To determine the value of each leg of the T network, we need to employ math again. Here is where the details will catch up with you. Remember, there are two stations on this tower, a 980 kHz and a 1430 kHz. We need to make two T networks, one for each station. There are a few characteristics of a T network that can be used to our advantage here. A T network can also function as a low pass or high pass filter depending on the relationship between capacitance and inductance. In an inductive circuit the phase is advanced and in a capacitive circuit the phase is retarded. If we can make the phases of the two stations 180° opposing, this makes an excellent start to a filter network. Therefore, one station should be +90° and the other should be -90°.

So, on 980 kHz we want to match 50Ω to 74Ω with a +90° phase shift. Simple. Each leg of the T network needs to have the following value:

Z_(leg)=√Z_(antenna) x Z_{(transmitter)} or Z=√(50 x 74) = √3700 = 60.8Ω

This is a highly simplified diagram that does not show the pass/reject filters employed between the ATU and the tower to properly combine both stations onto one antenna. That would be an extensive topic that I am not even sure I could adequately describe here:

So each leg needs to have an impedance of 60.8Ω. The input leg is inductive, the ground leg is capacitive and the output leg is inductive. Remember, the output leg is already inductive by +j163. The inductive reactance needs to be canceled out, but some of it can be used in the T network. To make the output network match the rest of the T network, it will need 102.4Ω capacitive reactance (163-60.8=102.4Ω). To calculate these values, we use the L and C formulas which are 980 KHz = .98 mHz):

C = 1/(2π f (mHz)Xc) or 1/(6.28 x .98 x 60.8) or 0.00267 uf (ground leg, 60.8Ω)

C= 1/(2π f (mHz)Xc) or 1/(6.28 x .98 x 102.4) or 0.00159 uf (output leg, 102.4Ω)

and

L= Xl / (2π f(mhz) or 60.8 / (6.28 x .98) or 9.88 uH (input leg, 60.8Ω)

This combination should get us close to the Z 50Ω impedance that the transmitter is looking for.

The next frequency is 1430 kHz with a power of 10,000 watts. This frequency should be retarded by -90 degrees, so the input will be capacitive with in inductive leg to ground and a capacitive output. The tower measures 165Ω with -j105. Perfect!

Again, the current and voltage at the base of the tower on this frequency will be I=√(P/R) = 7.78 amps and E=√PR = 1,285 volts.

Z= √(50×165) = √8250 = 90.82Ω

L = Xl / (2π f(mHz) = 90.82 / (6.28 x 1.43) = 10.11 uH (ground leg, 90.82Ω)

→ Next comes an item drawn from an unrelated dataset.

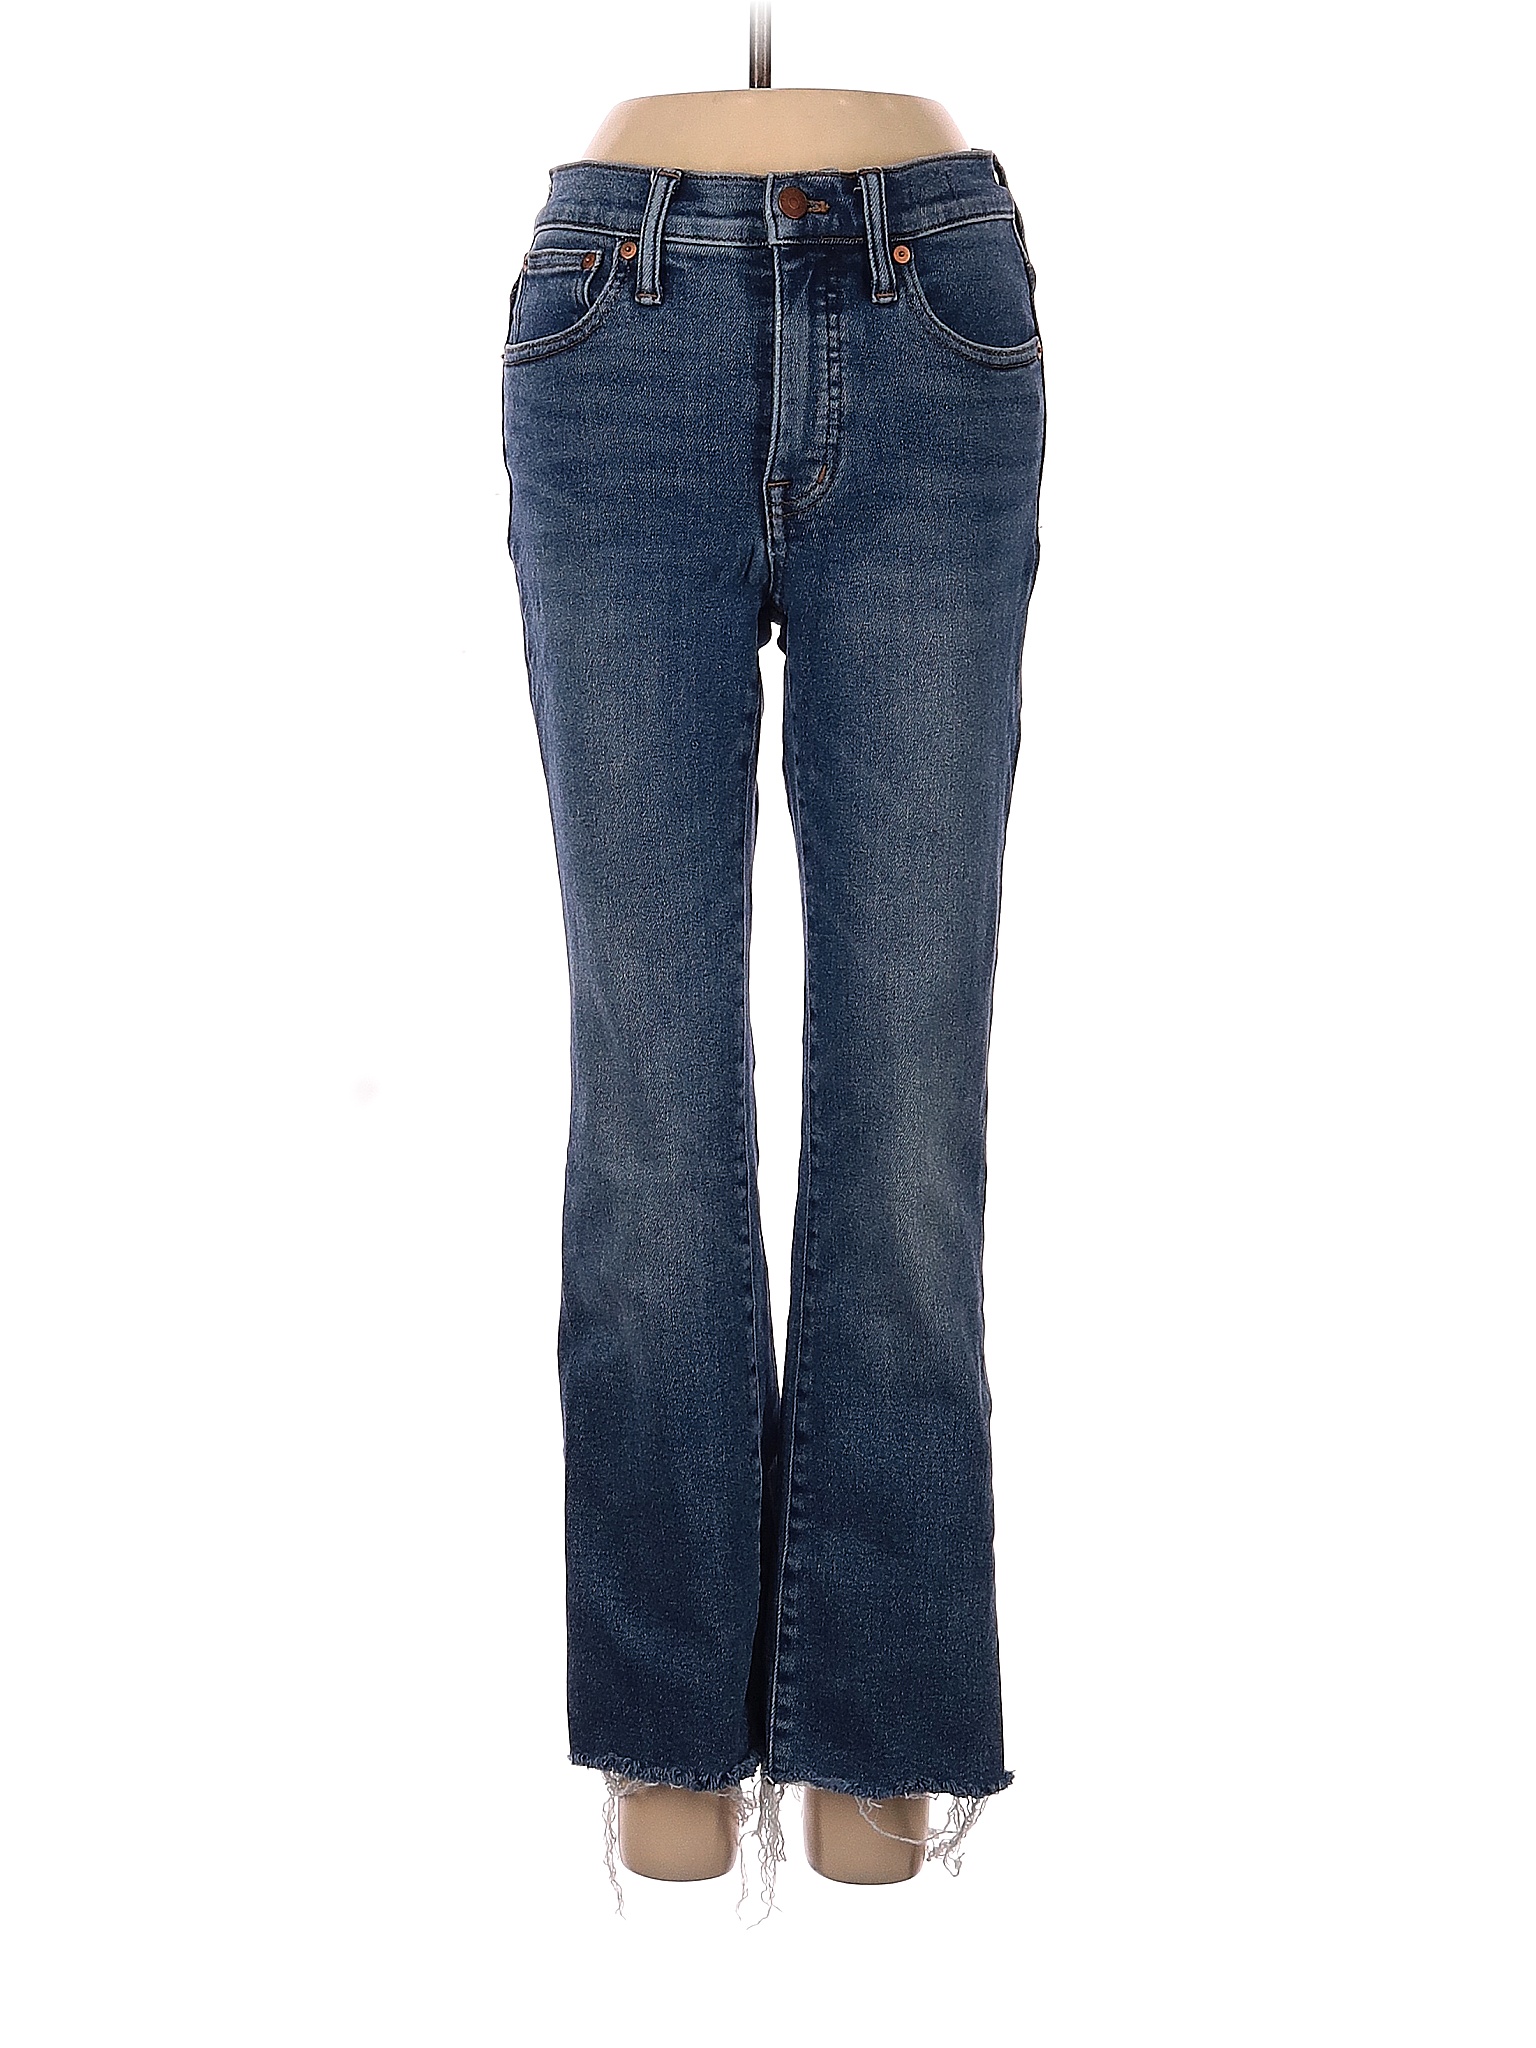 Madewell Solid Blue Jeans 25 Waist - 83% off | thredUP

C= 1 / (2π f(mHz) Xc) = 1 / (6.28 x 1.43 x 90.82) = 0.00122 uf (input leg, 90.82Ω)

and

C= 1 / (2π f(mHz) Xc) = 1 / (6.28 x 1.43 x (-j105-90)) = 0.0074 uf (output leg, 75.8Ω)

Since the current and voltage for both stations are additive (with slight variations due to phasing on the two frequencies) the total current at the tower base will be 8.3 amps + 7.8 amps = 16.1 amps and the total voltage will be 608 volts + 1285 volts = 1,893 volts. Now you know why there is a fence around the bottom of the tower!

That is the theoretical part.  Using the OIB-1 and the generator, I tuned leg to ground to give the approximate valued noted above.  The inductive legs are easier to tune than the capacitive legs.  Since the value of each component is stamped on the name plate, I was able to estimate where the tap should go.  The capacitors are fixed, so they required some series/parallel connections to get the values close.

After all that, the transmitters are turned on and the system is measured under power.  Everything was pretty close, but a little bit of final tuning was required.

Once the transmitters were happy with the match, I did an full impedance sweep of both frequencies and recalculated the base currents for each station.  Then all of the harmonics and additive frequencies were checked to make sure that any spurious emissions were below the FCC required maximums.  That involved driving about 1 mile away and using a Potomac Instruments FIM-41.

The Frequencies measured were:

• 530 kHz, lower intermod product
• 1880 kHz, upper intermod product
• 1960 kHz, 980 second harmonic
• 2940 kHz, 980 third harmonic
• 2860 kHz, 1430 second harmonic
• 4290 kHz, 1430 third harmonic

And there you have it, that is how an AM transmitter is coupled to the base of a transmitting tower.